As his words shook the world around us, a long scroll sprang out from within his body, almost like it had waited there ever since he woke me up a few days ago.
Without touching it, the document opened itself, revealing lines upon lines of endless text that kept on coming no matter how much time had passed.
'My head hurts.'
"Mine as well!"
He said with amusement before handing me something akin to a pen but not quite.
"You don't have to read all of this, I can summarize a couple of main rules that you have to follow, and you can have the life you desired before your oh so gruesome death~."
...I nodded weakly.
"Great. Well then, let's start with the main one."
His hands took the scroll over to his eyes, scimming through the seemingly endless paper as if it were a short book.
"First rule." The earth shook around us as his voice took on a low pitch.
"You must never disobey this contract; if you do so, you will be terminated."
My head hurt too much to understand the first rule.
How could you die after already dying?

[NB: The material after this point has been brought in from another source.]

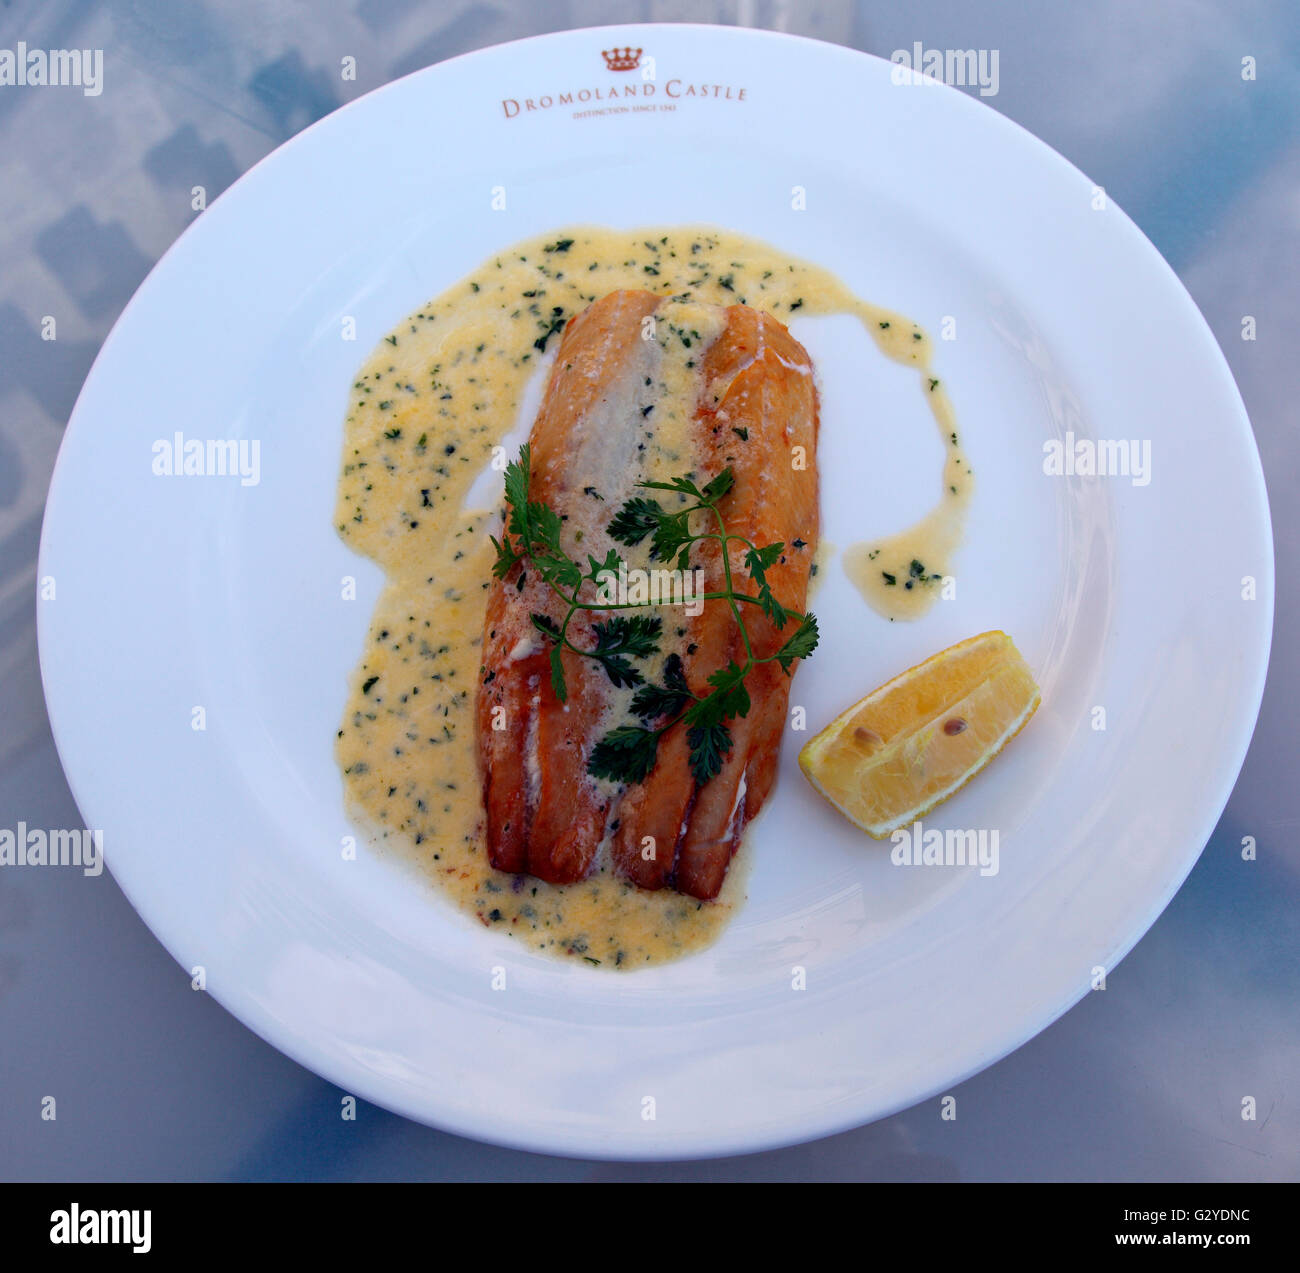 Breakfast kipper served at Dromoland Castle - Stock Image

I took it as being banished from heaven or any kind of afterlife that exists in this strange place.
"Second!" The dots inside his head ignited, reminding me of two tiny flames.
"No matter what happens! Prioritise your assignments over anything else! However, this rule can be overruled under certain conditions!"
Every sentence he spoke to my ear was like none other.
Like the person he was before was different from what he has become now.
Until now, I didn't have much of a job, nor any opportunity to sign something like a contract, thanks to my young age.
"And the third rule! The one you have to follow until your new life is over!"
I swallowed my saliva, preparing for the worst.
Because even if his words were true, there was no quarantee id be able to do something for him.
"The moment your soul will be handed over to me! You have the right to live your life to the fullest!"
...
"Huh?"
And that's how... I became a Rift Delver.